Let $P_1(x) = x^2 + a_1x + b_1$ and $P_2(x) = x^2 + a_2x + b_2$ be two quadratic polynomials with integer coeffcients. Suppose $a_1 \ne a_2$ and there exist integers $m \ne n$ such that $P_1(m) = P_2(n), P_2(m) = P_1(n)$. Prove that $a_1 - a_2$ is even.
Problem
Source: CRMO 2015 region 1 p2
Tags: algebra, polynomial, Integer Polynomial, Even
khan.academy
30.09.2018 06:58
$$m(a_1-a_2)=n(a_2-a_1)+2(b_2-b_1) \implies (m+n)(a_1-a_2)=2(b_2-b_1)$$Since, $m \not = n$, we can span them over integers such that $m+n$ is not even.So, $2|(a_1-a_2)$, and we are done.
math_and_me
30.09.2018 09:10
khan.academy wrote: $$m(a_1-a_2)=n(a_2-a_1)+2(b_2-b_1) \implies (m+n)(a_1-a_2)=2(b_2-b_1)$$Since, $m \not = n$, we can span them over integers such that $m+n$ is not even.So, $2|(a_1-a_2)$, and we are done. $m$ and $n$ are arbitrary constants.

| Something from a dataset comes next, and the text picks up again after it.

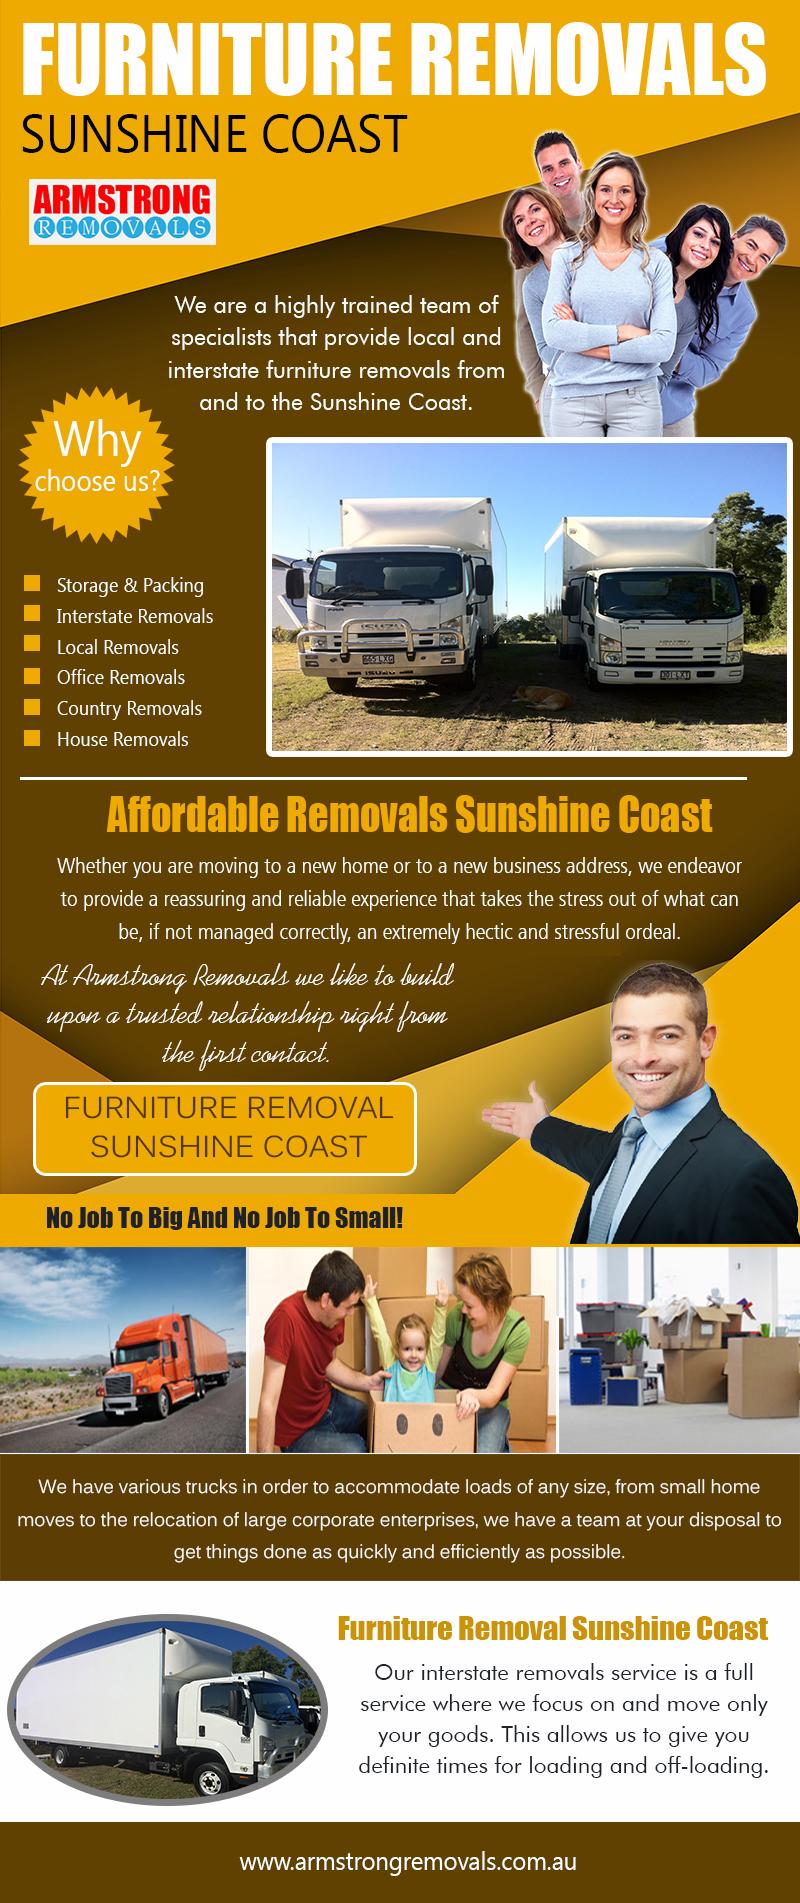 Furniture Removals Sunshine Coast https://armstrongremovals.com.au/

You cannot vary them over integers as you did in your solution.
TheDarkPrince
30.09.2018 09:18
We have \begin{align*} m^2+ma_1 + b_1 &= n^2 + na_2 + b_2\\ m^2+ma_2+b_2 &= n^2 + na_1 + b_1.\\ \end{align*} We have \[m^2-n^2 + (m-n)a_1 = n^2 - m^2 + (n-m)a_2 \implies m+n+a_1 = - (m+n+a_2) \implies a_1 + a_2 = - 2(m+n).\]Thus $a_1+a_2$ is even giving $a_1-a_2$ is also even.
NTistrulove
25.01.2022 18:08
Why isn't anyone doing the most obvious steps? Anyway here's my solution,
Since $P_1(m)=P_2(n), P_1(n)=P_2(m)$, we have
\[P_1(m)-P_1(n)=P_2(n)-P_2(m)\]\[a_1(m-n)=a_2(n-m)\]\[(a_1+a_2)(m-n)=0\]Since $m\neq n$, we have $a_1=-a_2$ and $a_1-a_2=2a_1$.